## WHAT THE TASK REQUIRES
Among the entries below, one stretch runs from the line that contains "Atlantic Blankets - Powder" through the line that contains "red lapel pin". Repeat that stretch exactly, ends included, and only that.

*** STUDY MATERIAL Section Begins ***

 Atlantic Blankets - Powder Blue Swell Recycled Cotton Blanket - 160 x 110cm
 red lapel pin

*** STUDY MATERIAL Section Ends ***
*** STUDY MATERIAL Section Begins ***

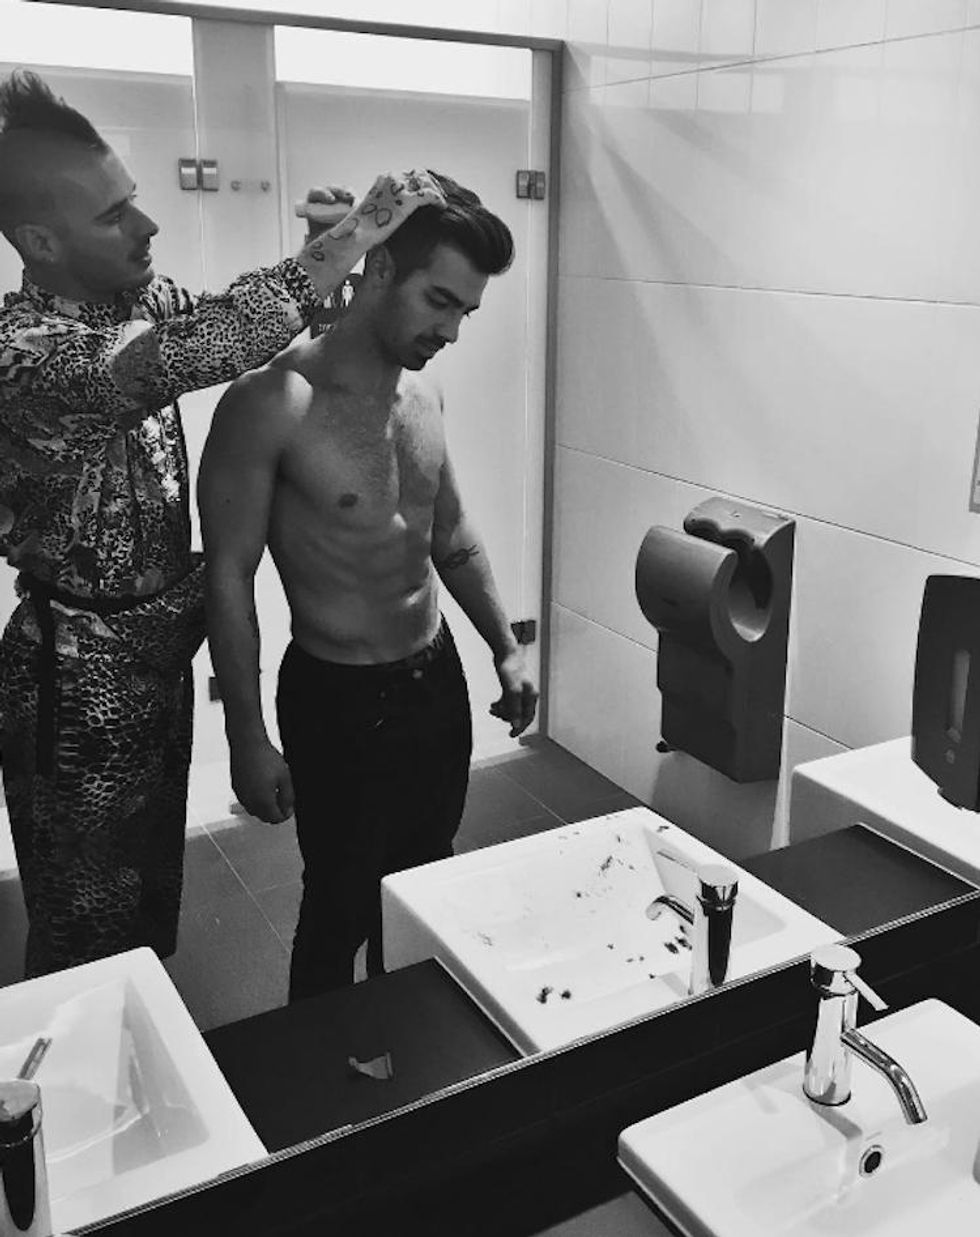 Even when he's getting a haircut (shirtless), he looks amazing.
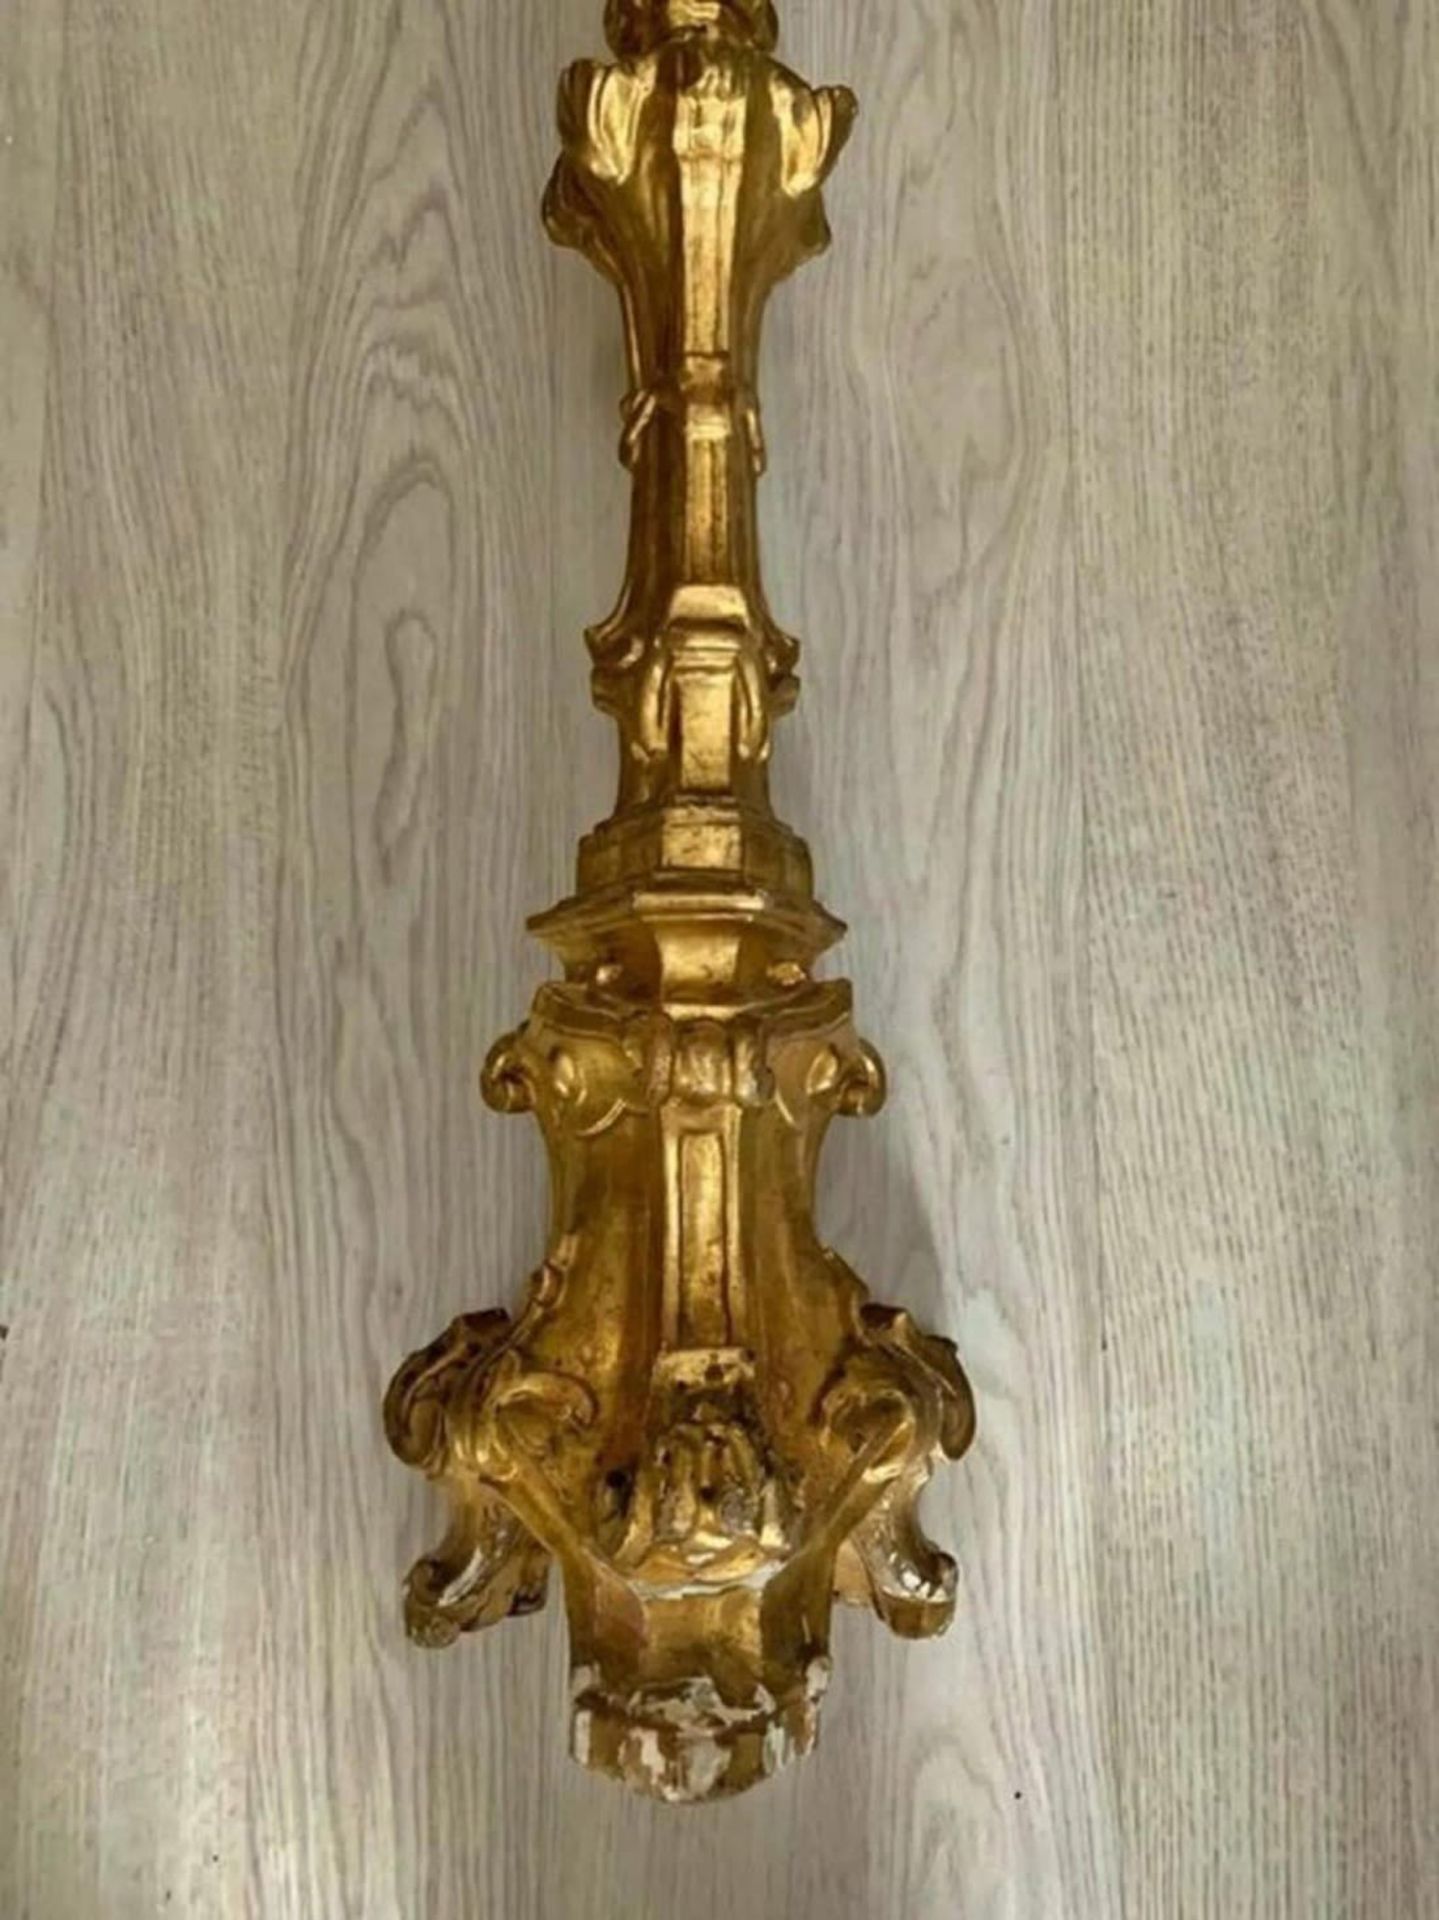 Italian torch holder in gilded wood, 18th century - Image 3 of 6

*** STUDY MATERIAL Section Ends ***
*** STUDY MATERIAL Section Begins ***

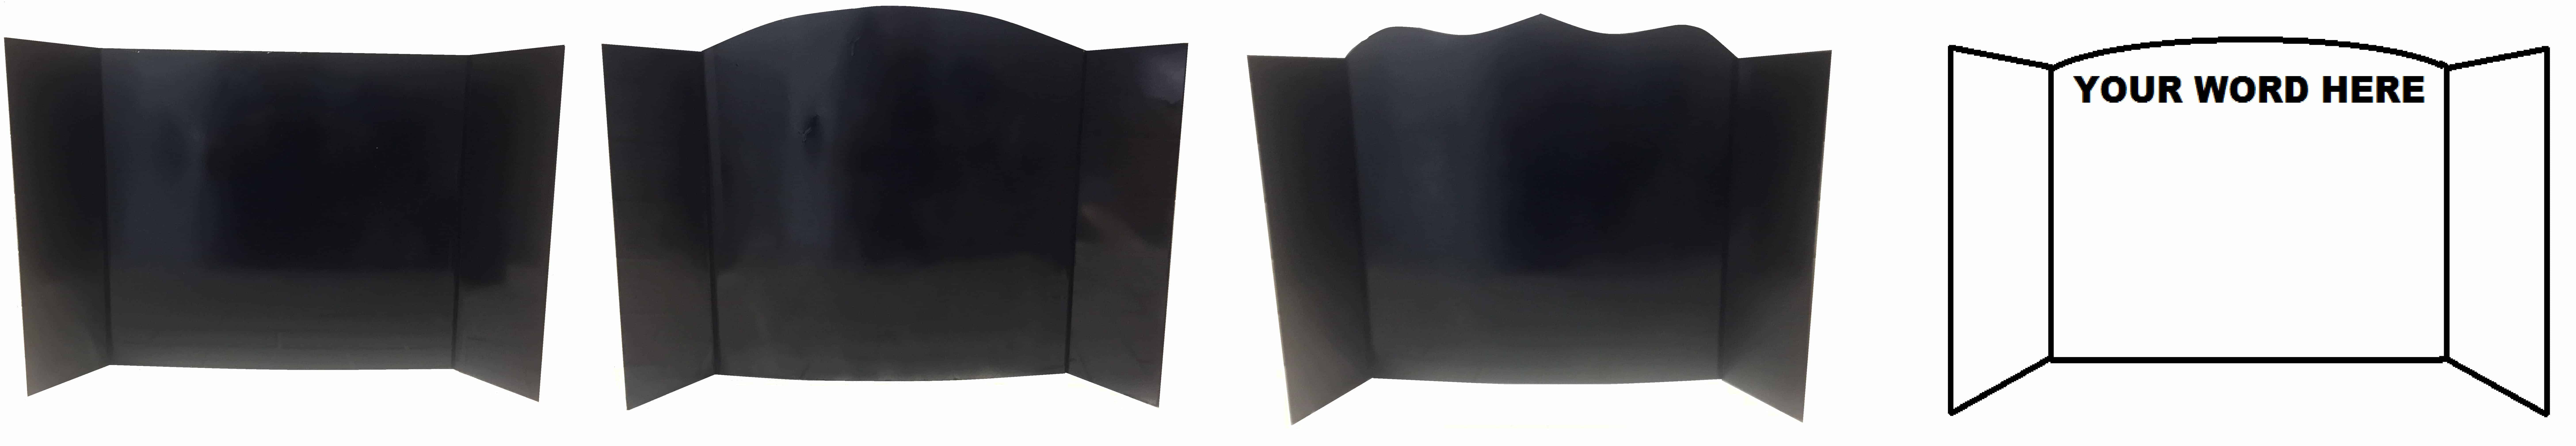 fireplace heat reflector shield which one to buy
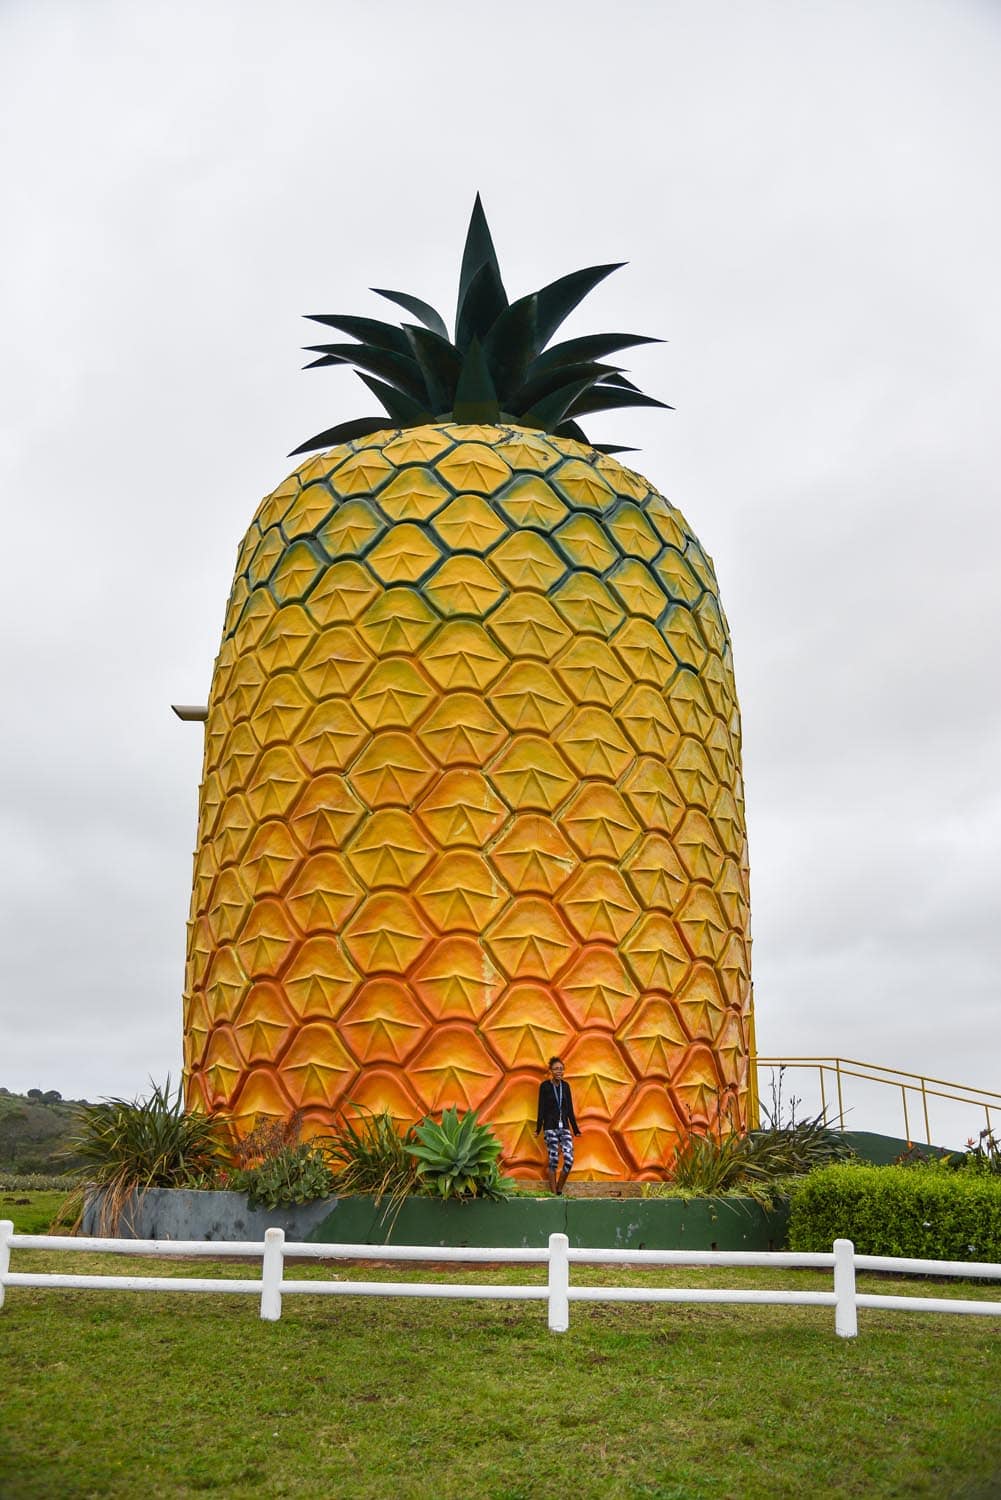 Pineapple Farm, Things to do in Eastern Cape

*** STUDY MATERIAL Section Ends ***

## RESPONSE AREA
 Atlantic Blankets - Powder Blue Swell Recycled Cotton Blanket - 160 x 110cm
 red lapel pin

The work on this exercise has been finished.